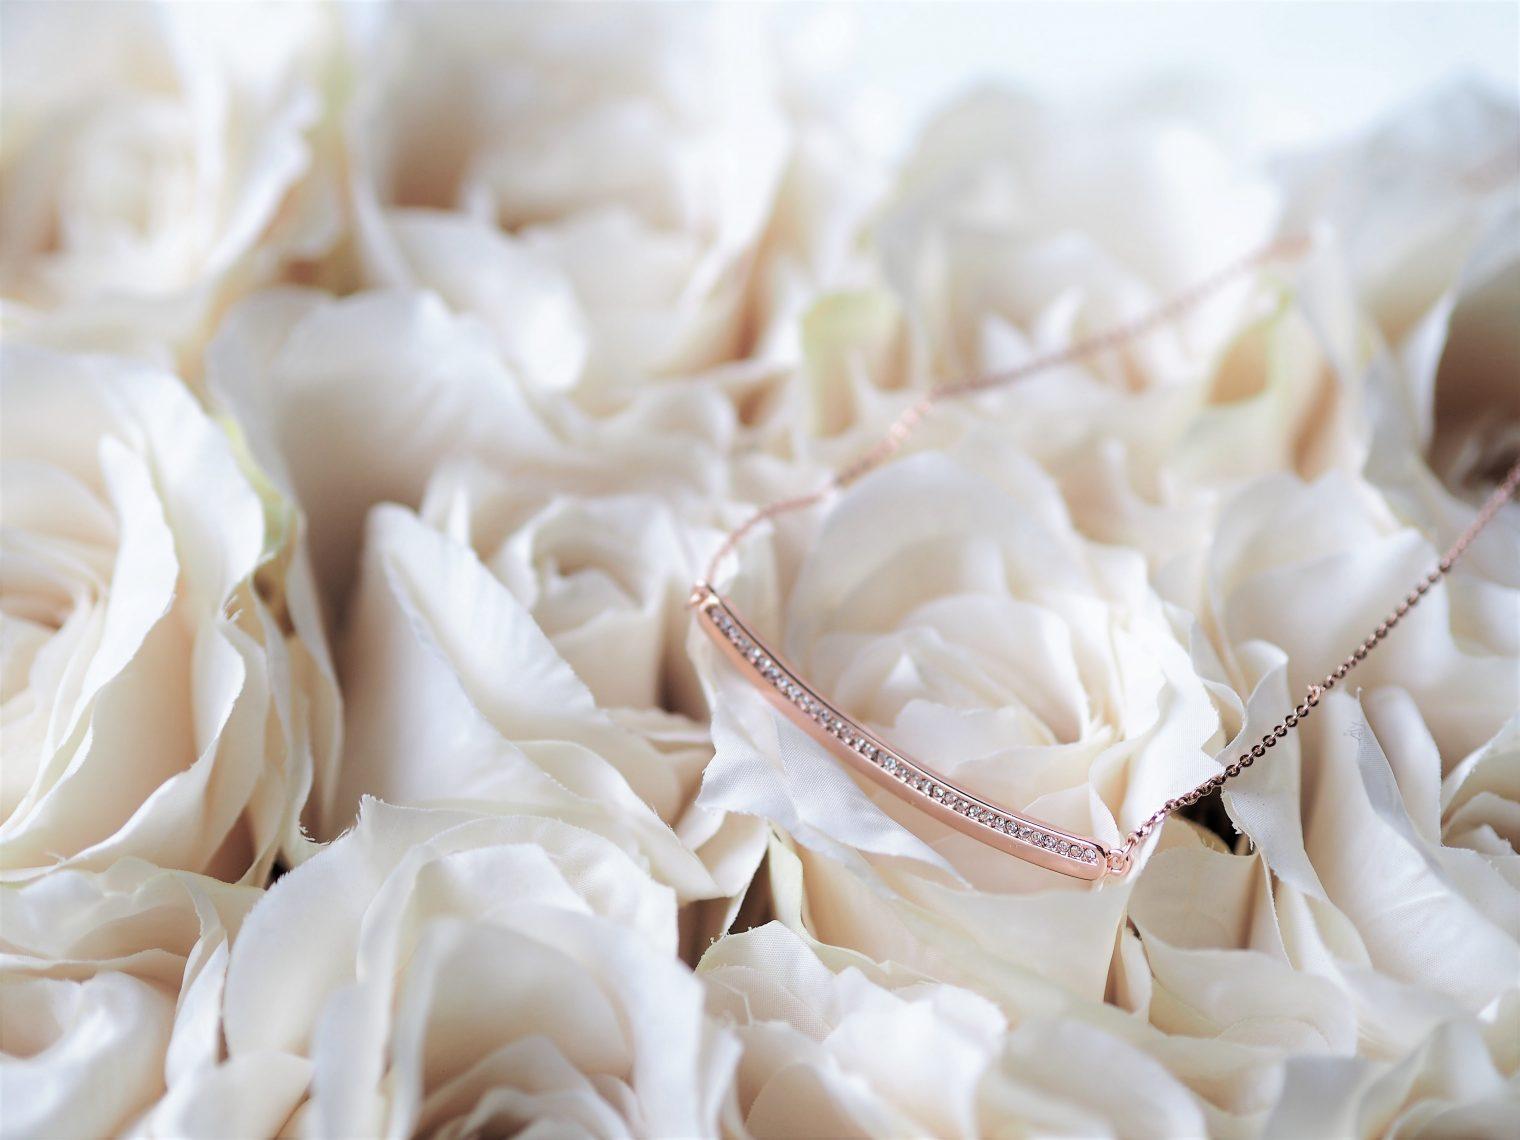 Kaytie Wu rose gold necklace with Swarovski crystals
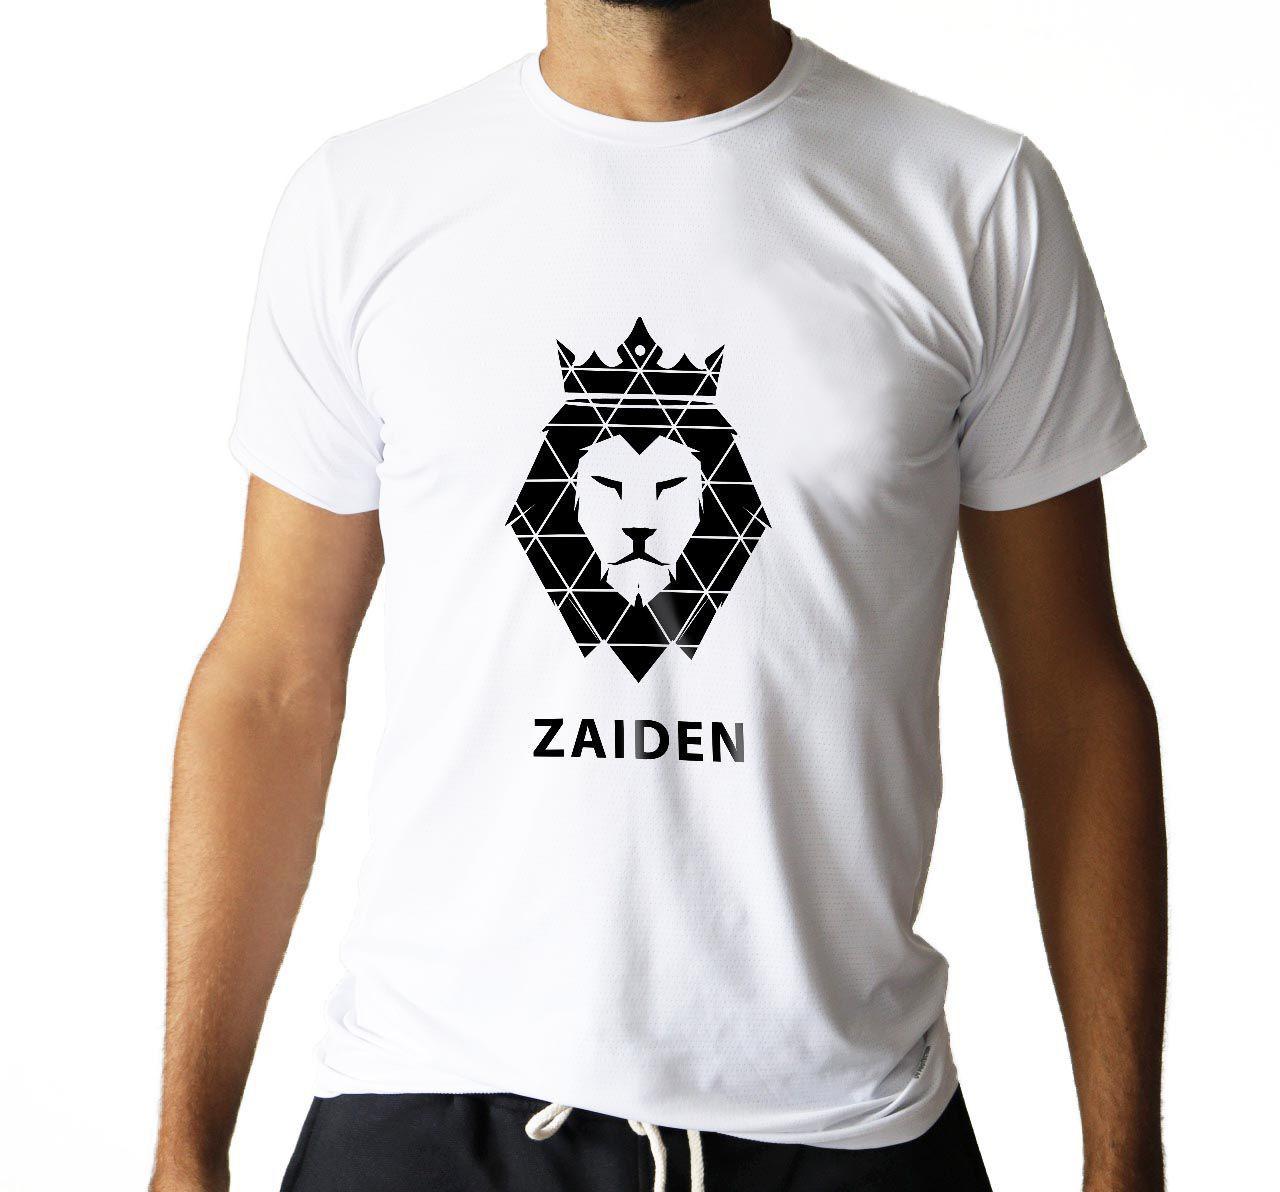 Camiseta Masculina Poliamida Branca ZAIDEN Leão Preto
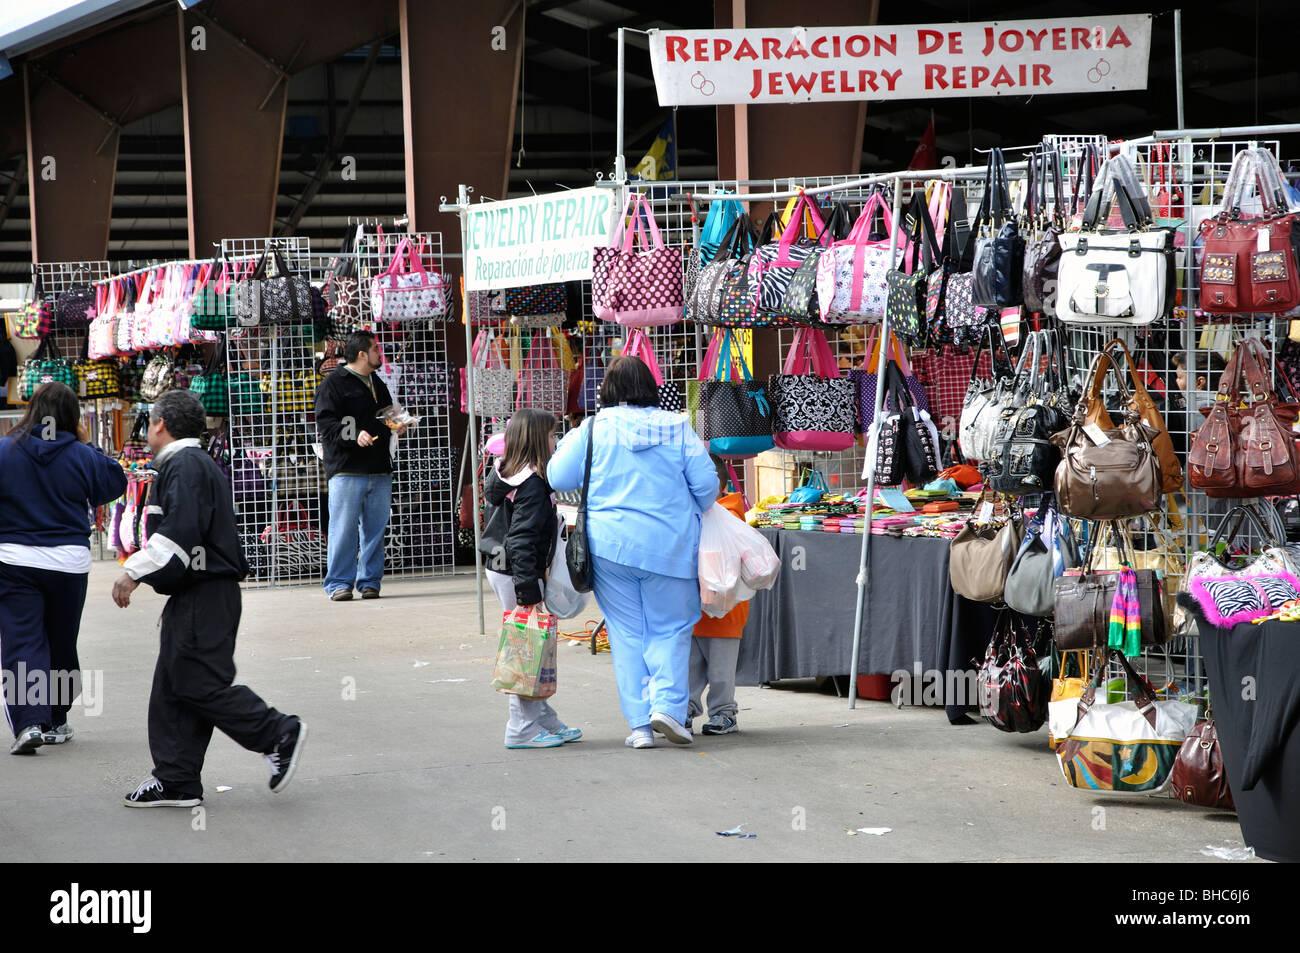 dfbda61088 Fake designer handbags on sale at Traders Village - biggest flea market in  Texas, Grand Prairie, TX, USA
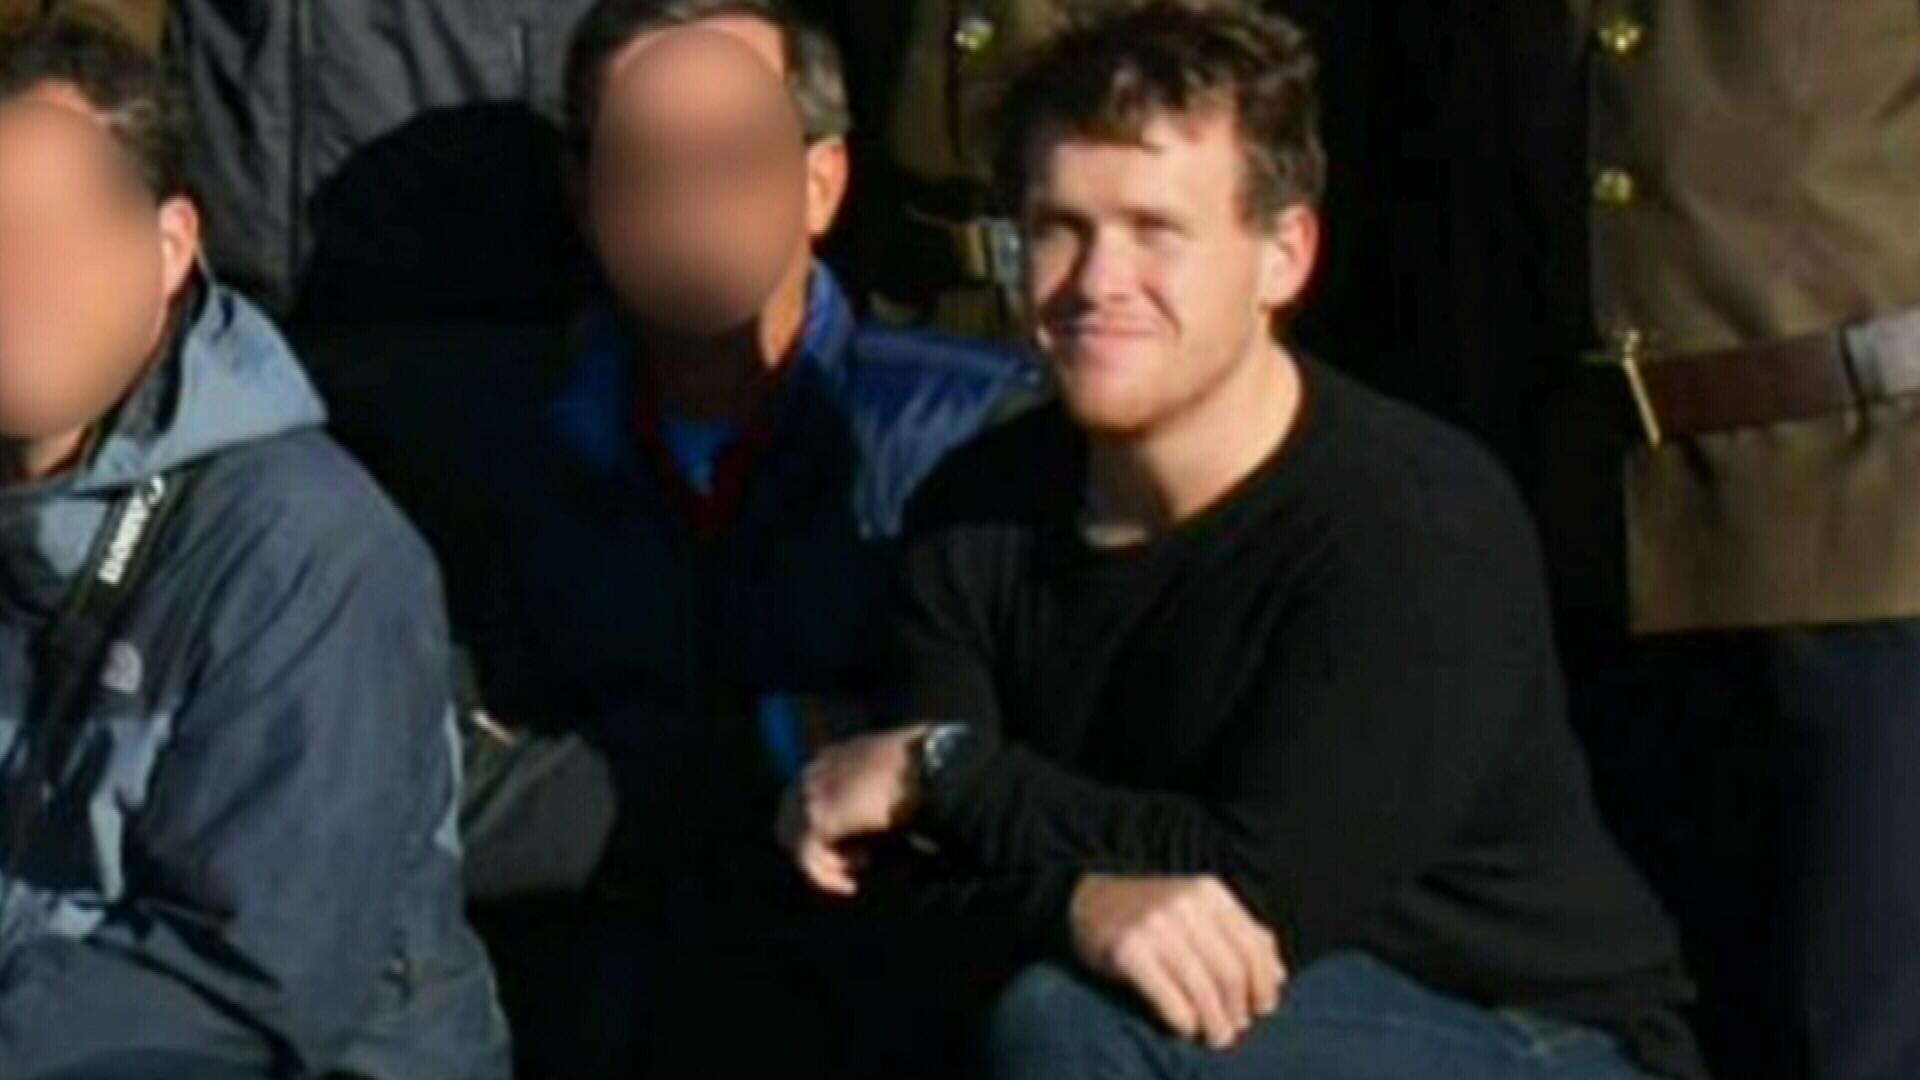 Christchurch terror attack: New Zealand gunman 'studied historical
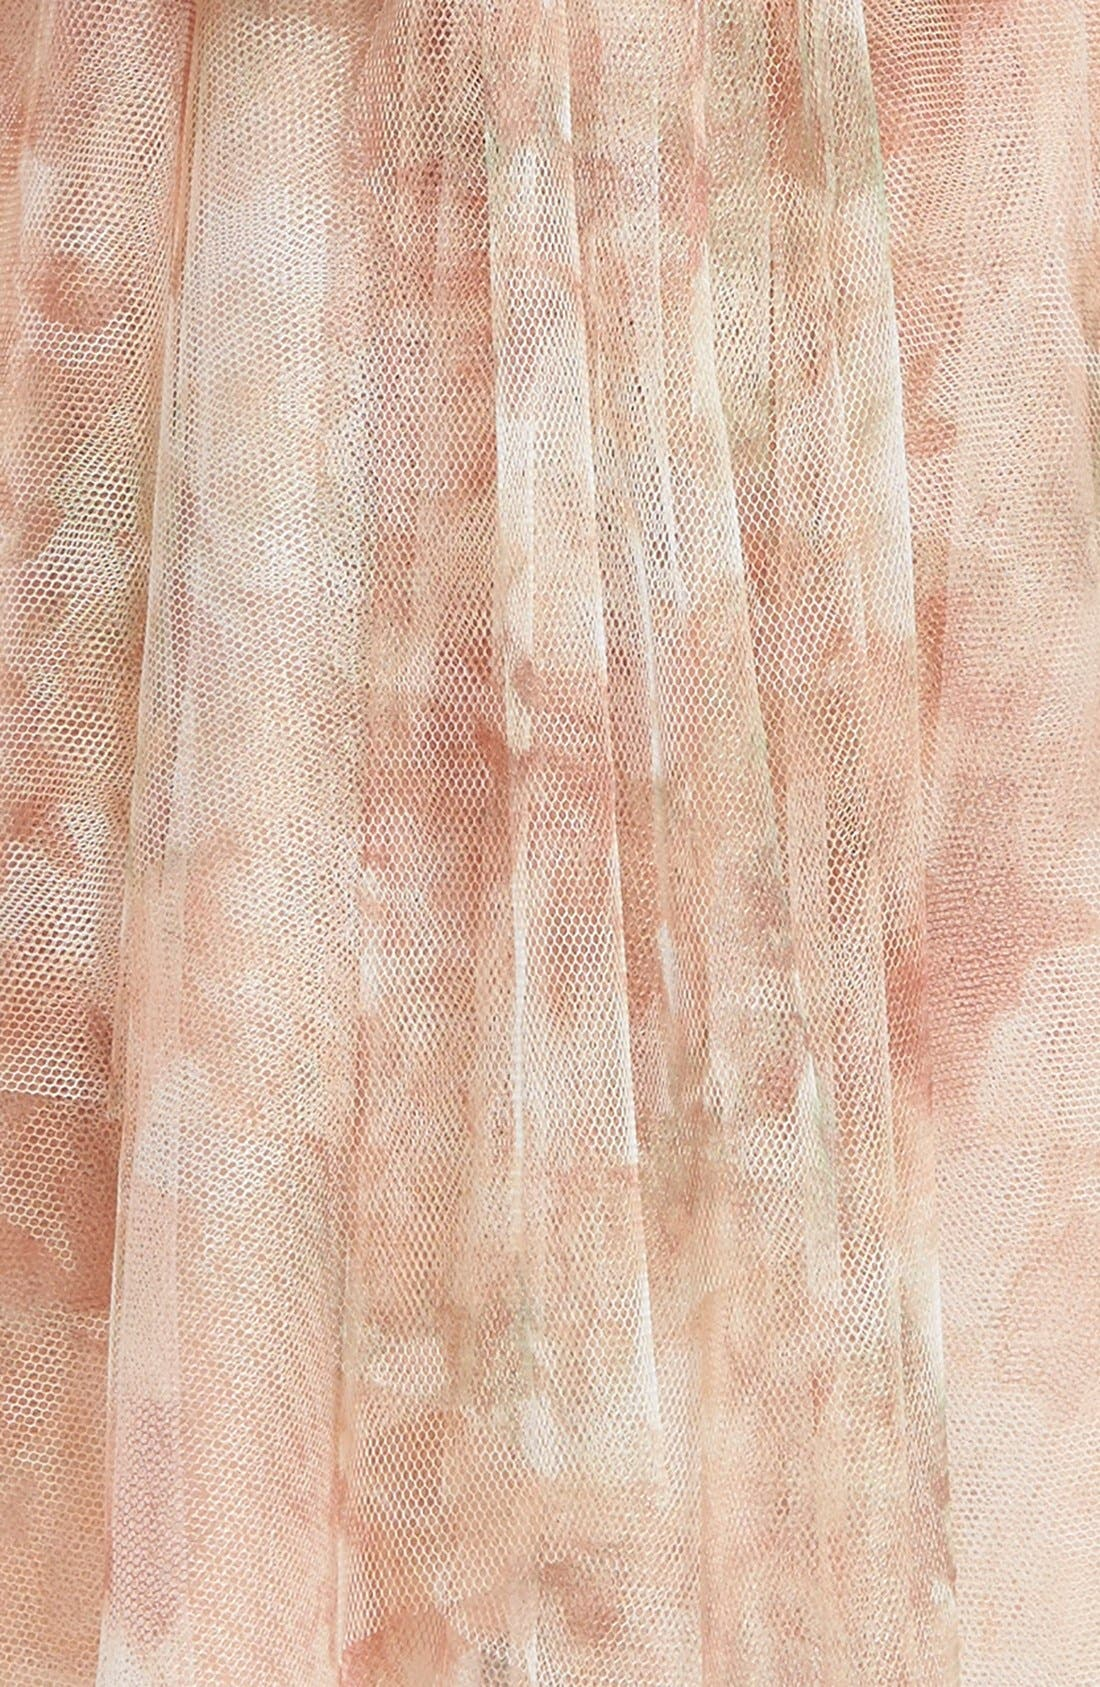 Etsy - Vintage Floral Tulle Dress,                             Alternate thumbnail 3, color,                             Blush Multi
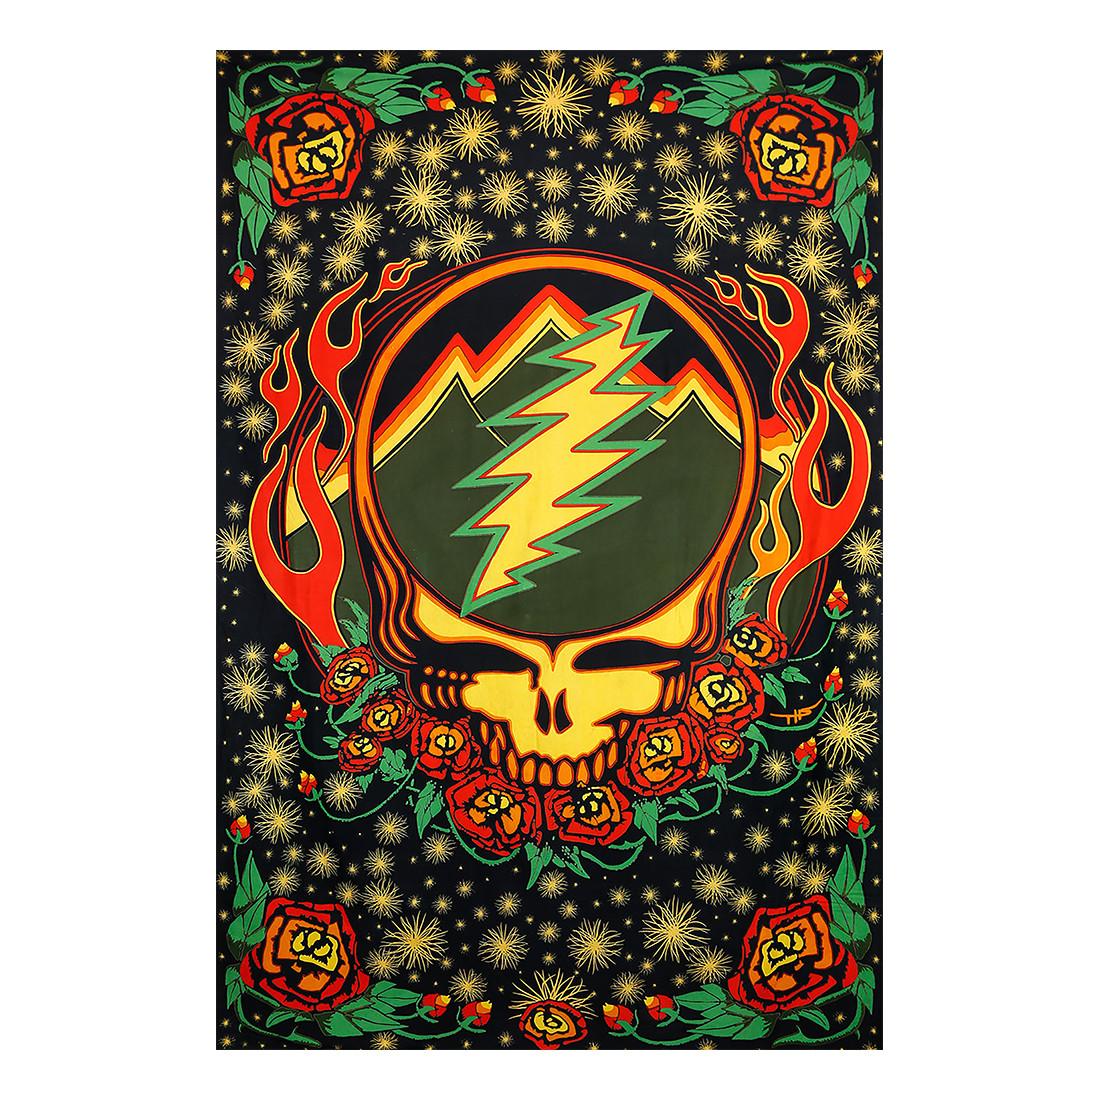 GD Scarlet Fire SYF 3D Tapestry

• Task to complete: Please give again only those lines that run from the one containing "dfbda61088 Fake designer" through the final line of the listing, both included, exactly as written and without pictures.

• Answer below:
 dfbda61088 Fake designer handbags on sale at Traders Village - biggest flea market in  Texas, Grand Prairie, TX, USA
 Christchurch terror attack: New Zealand gunman 'studied historical
 Etsy - Vintage Floral Tulle Dress,                             Alternate thumbnail 3, color,                             Blush Multi
 GD Scarlet Fire SYF 3D Tapestry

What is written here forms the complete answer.